Heading West.  Shelleys were to be found in Iowa from the 1840’s Michael Shelley arrived there from Ireland in the 1860’s. His daughter Kate Shelley achieved national renown in 1881 for alerting authorities about a potential train catastrophe.  Fame, sadly, brought her no reward. Fifteen years later she was listed as destitute and with the added responsibility of caring for her aged mother and invalid brother. Belatedly the railroad stepped in and looked after her over the rest of her life.

Michael Shelley and his wife Sena went over the Oregon Trail with a team of oxen and milch cows in 1848. They made it to Oregon, settling in the Willamette valley. Sena died there in 1861. But Michael lived onto 1894.  Michael’s father George, who embarked on the journey in 1852, never made it. He succumbed to cholera while crossing the Platte river.

Then there were the Mormons.  James Bowyer Shelley, his son Thomas, and their family of fourteen from Staffordshire sailed from Liverpool in January 1851.  Thomas Shelley kept a journal of the nine month voyage via packet ship, steamboat, and wagon-train to the new Mormon settlement in Salt Lake valley, Utah.  He wrote in his diary:

“We entered into the valley on October 3. I saw Brother Brigham for the first time and rejoiced much that I had been counted worthy to be gathered with the Saints of God.”

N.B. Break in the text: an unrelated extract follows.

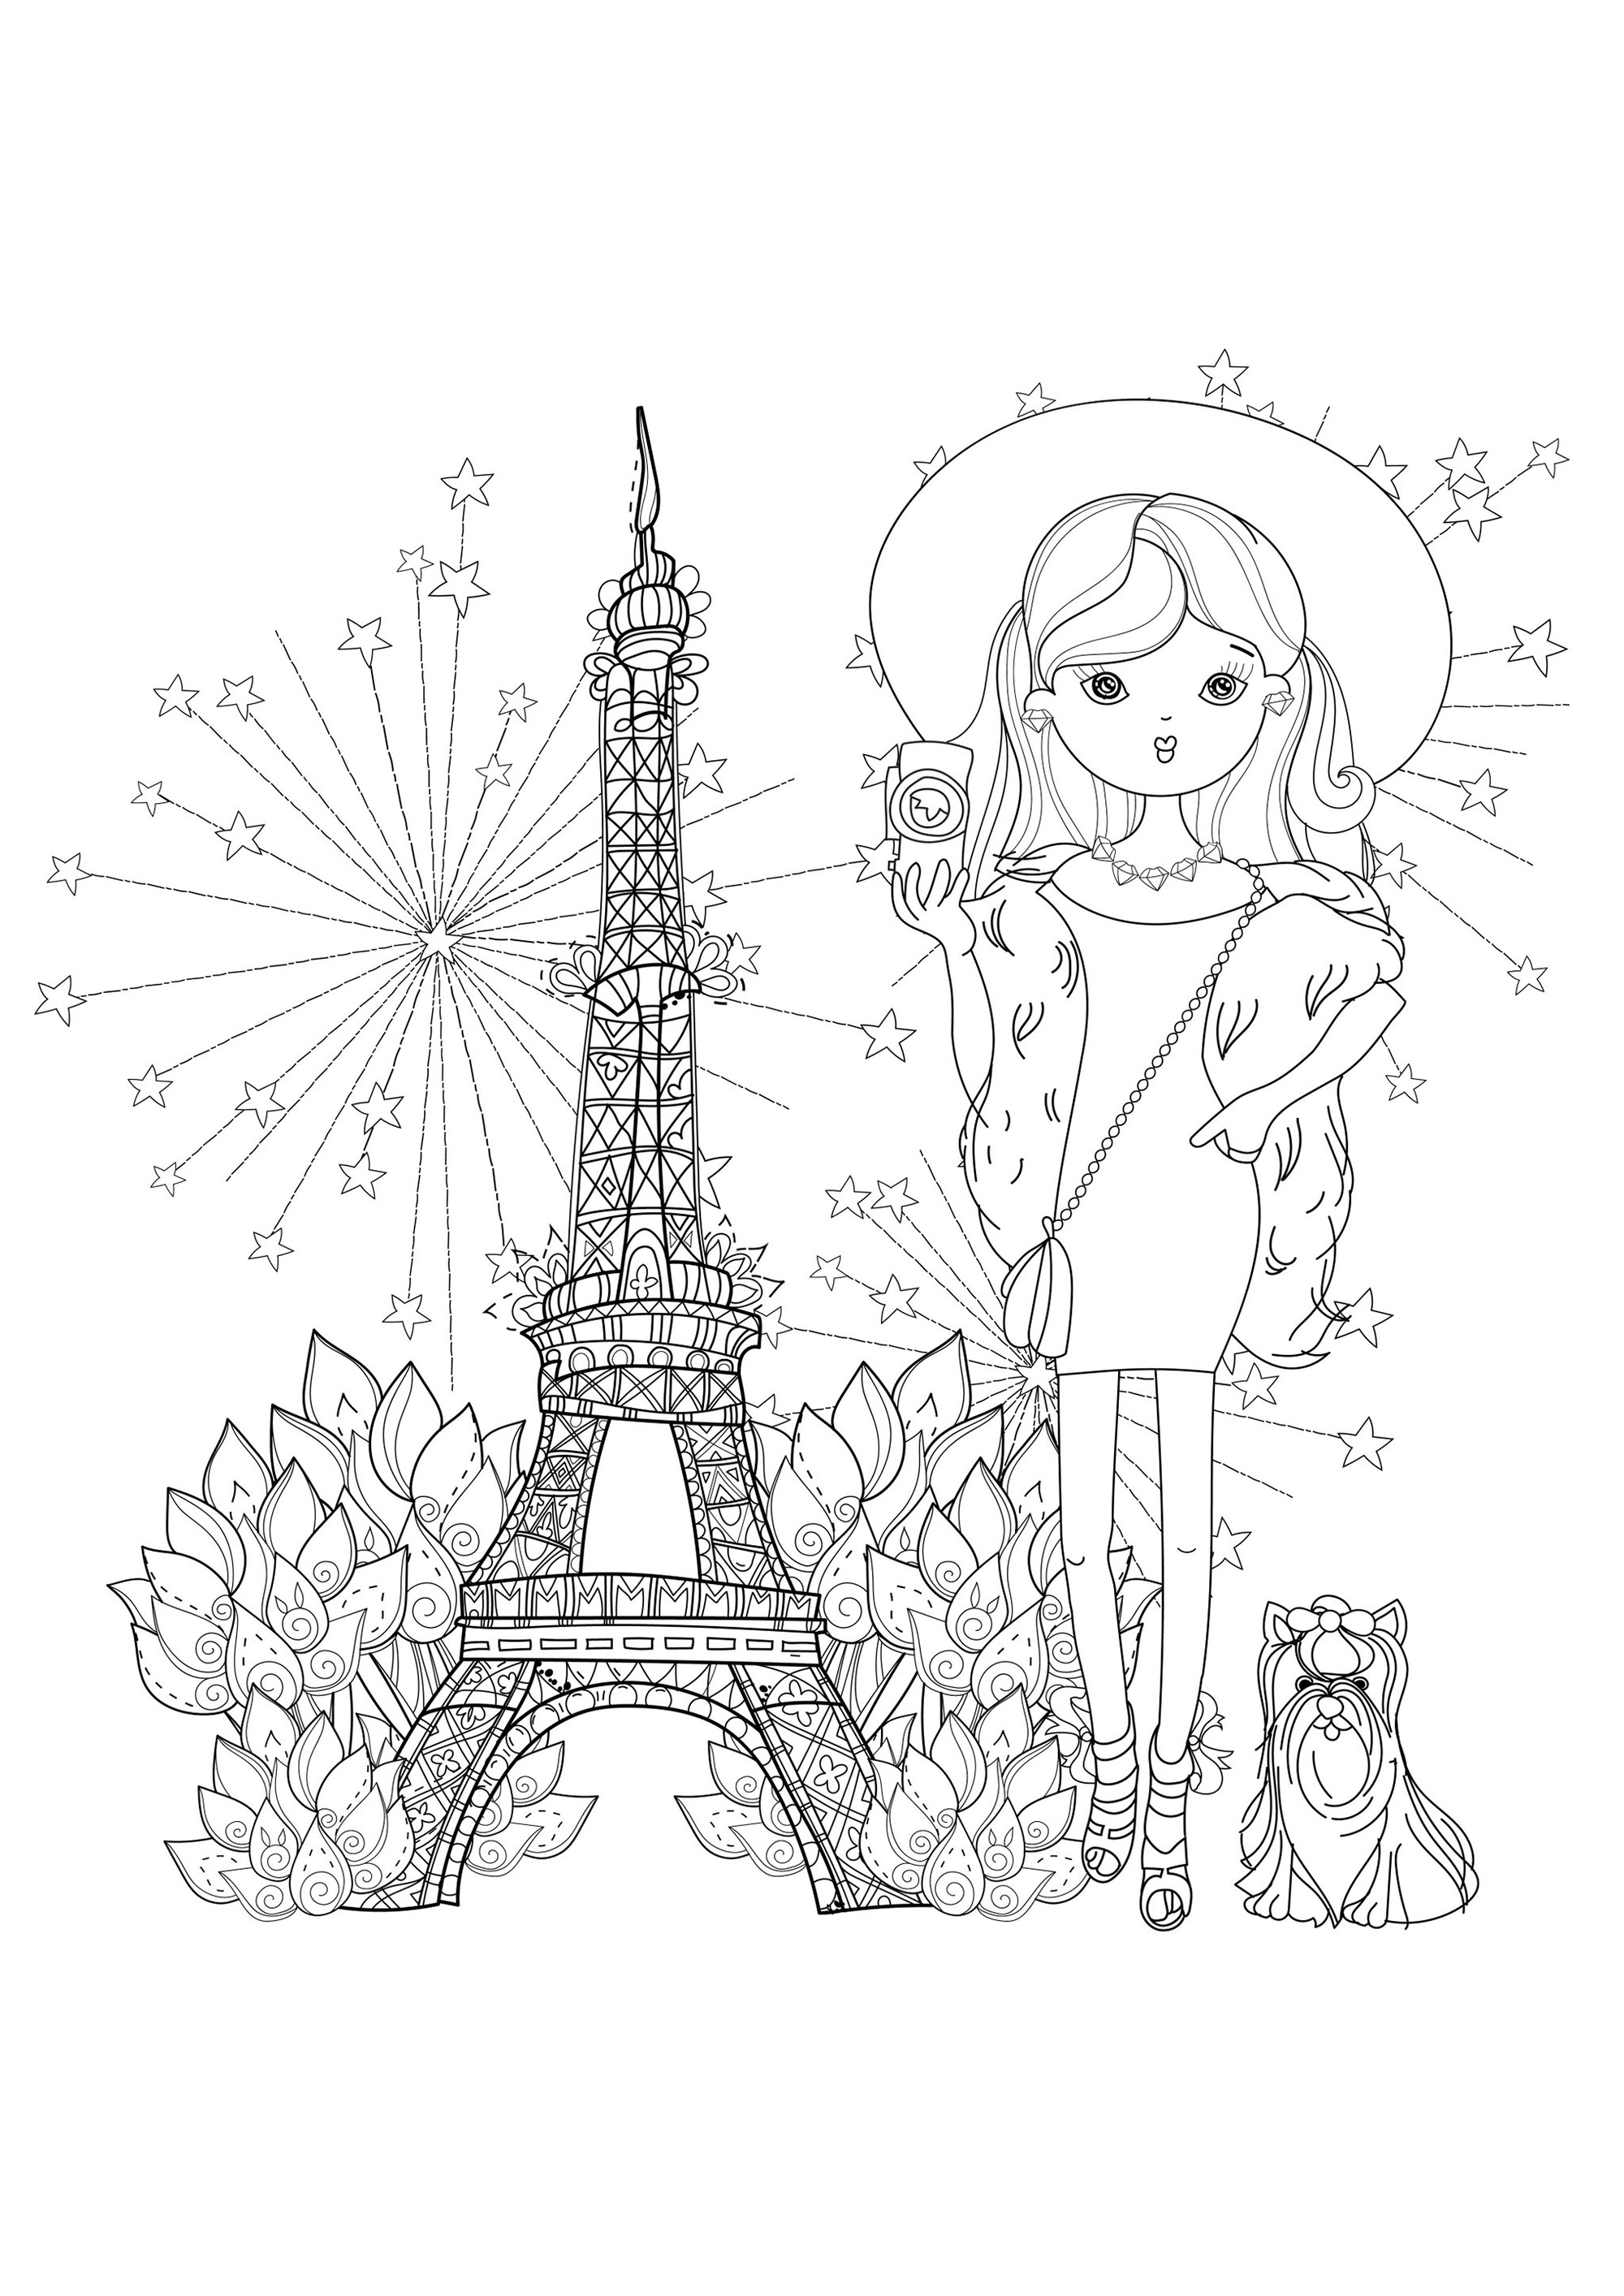 Junge Reisende mit ihrem kleinen Hund und dem Eiffelturm. Der 1889 für die Weltausstellung errichtete Eiffelturm (Tour Eiffel) ist zum wichtigsten Symbol von Paris und sogar von Frankreich geworden, Quelle : 123rf   Künstler : Yazzik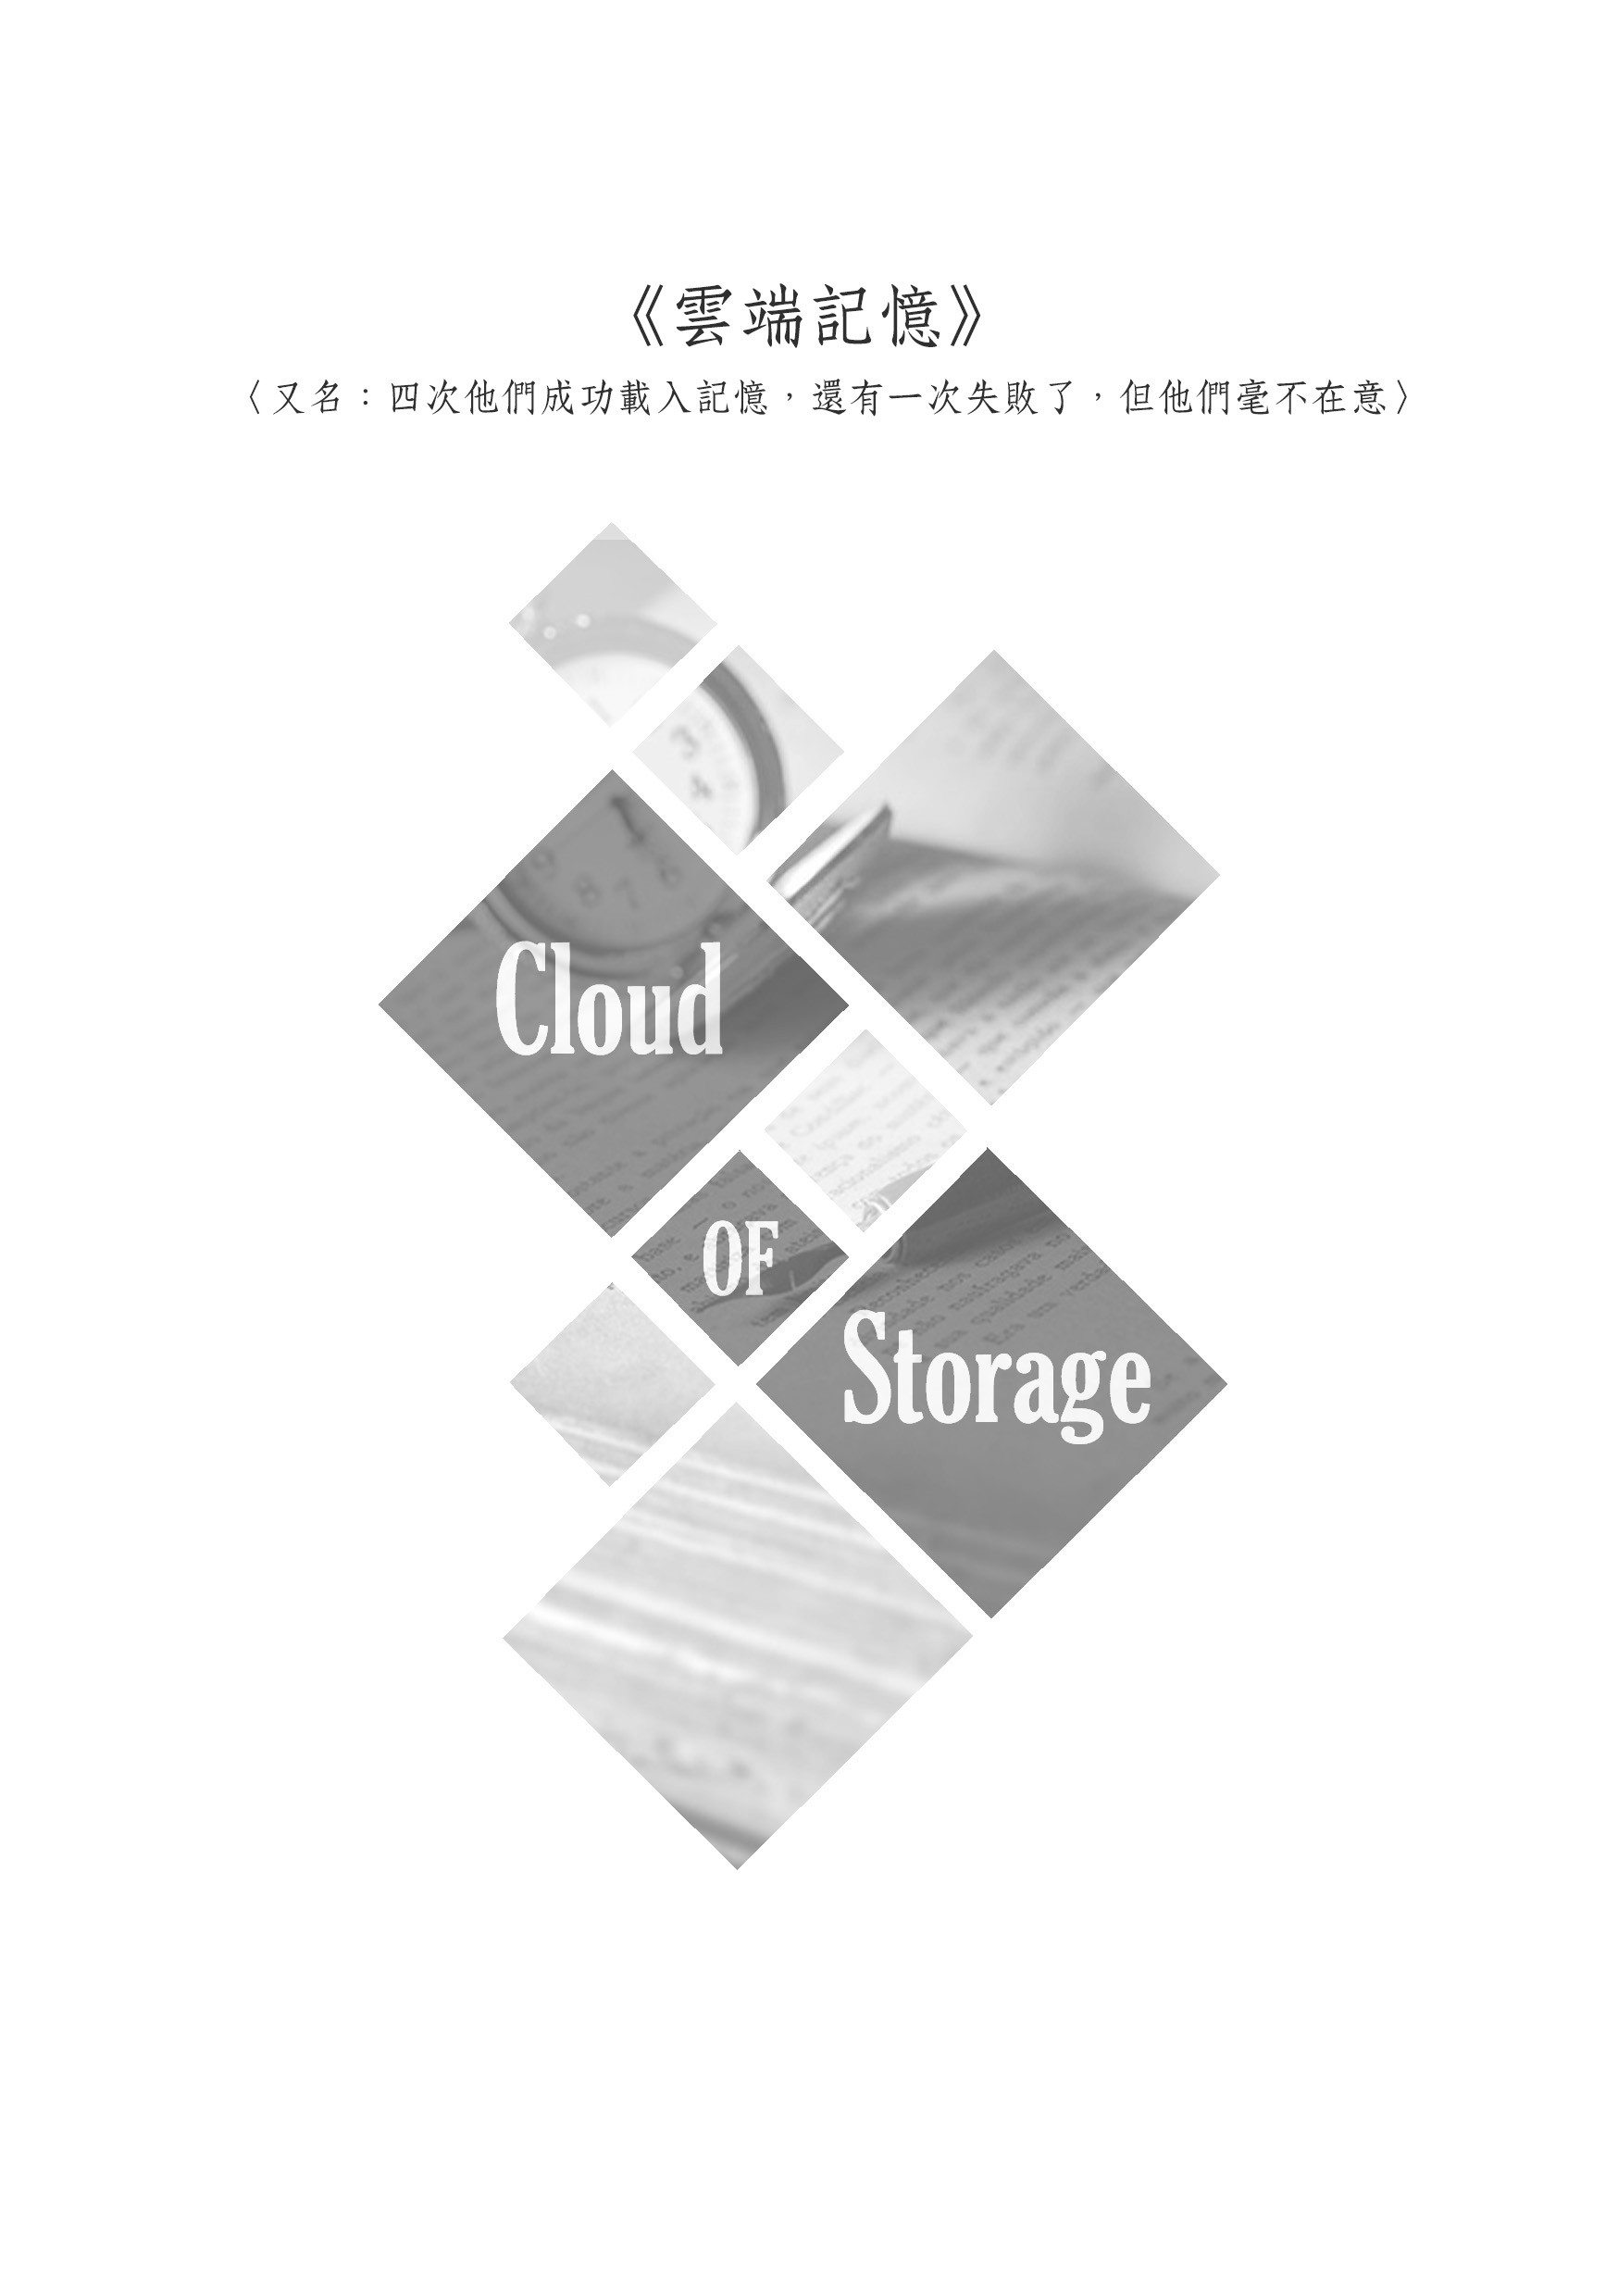 雲端記憶 Cloud of Storages 試閱圖

Other Shelley converts followed, some settling in Utah and others spreading the Mormon faith elsewhere in the West. The small town of Shelley in Idaho was named after its first settler, John F. Shelley, who moved there from Utah in 1885.

Caribbean.  The Shelley name appeared in Jamaica.  Seba Shelley was a harbor master at St. Ann in the 1820’s.  He and his brother Raymond owned plantations and were granted compensation after emancipation in 1834.

Australia.  The first Shelley to emigrate to Australia was William Shelley, a missionary from Hanley in Staffordshire who arrived there in 1800.

He later settled at Parramatta and persuaded the English Governor to let him to found a school for Aboriginal children there. These children were forcibly removed from their families to tutor them in the Christian virtues. In time, the families demanded their children back and the school closed.

This Aboriginal policy was pursued off-and-on by the Australian Government for another hundred years, but has been discredited.  Shelley’s mistake is what the text books call it now.

The next Shelley to appear in Australian records was a John Darley Shelley, described as a newcomer to the country and a gentleman. In 1829, he was bound over for violent conduct against the Governor General on the steps of St. James’s Church in Sydney.

He could have escaped with a fine. But he was unable to raise the £300 surety and was sent to Darlinghurst jail. There was much tut-tutting in the local press of “a person of respectable condition being committed to the common jail for the want of sureties.”

Singapore.  There were two Shelley youngsters – Rex born in 1930 and David born in 1933 – who were in Singapore at the time of the Japanese invasion in 1942.  Both were youngsters in Singapore in 1942 when the Japanese invaded.  David got out on one of the last ships to leave the colony; Rex did not.   Their lives followed completely different directions.

Shelley Family History in Sussex

My own Shelley family line is in Sussex on the south coast of England.  The first traceable in this line was Thomas Shelley, born around 1690, who lived in the village of West Firle under the shadow of the eminent Gage family.  His son John worked as a secretary to this family and then found employment as a Riding Officer, chasing around the countryside in search of smuggled contraband.

There then appears to have been a decline in family fortunes until the early 1800’s when they resurfaced as country tailors in Alfriston, another Downland village.  There were boom times here for a while.  But times got harder and Charles Shelley, the eldest son, left to seek his fortune in Brighton.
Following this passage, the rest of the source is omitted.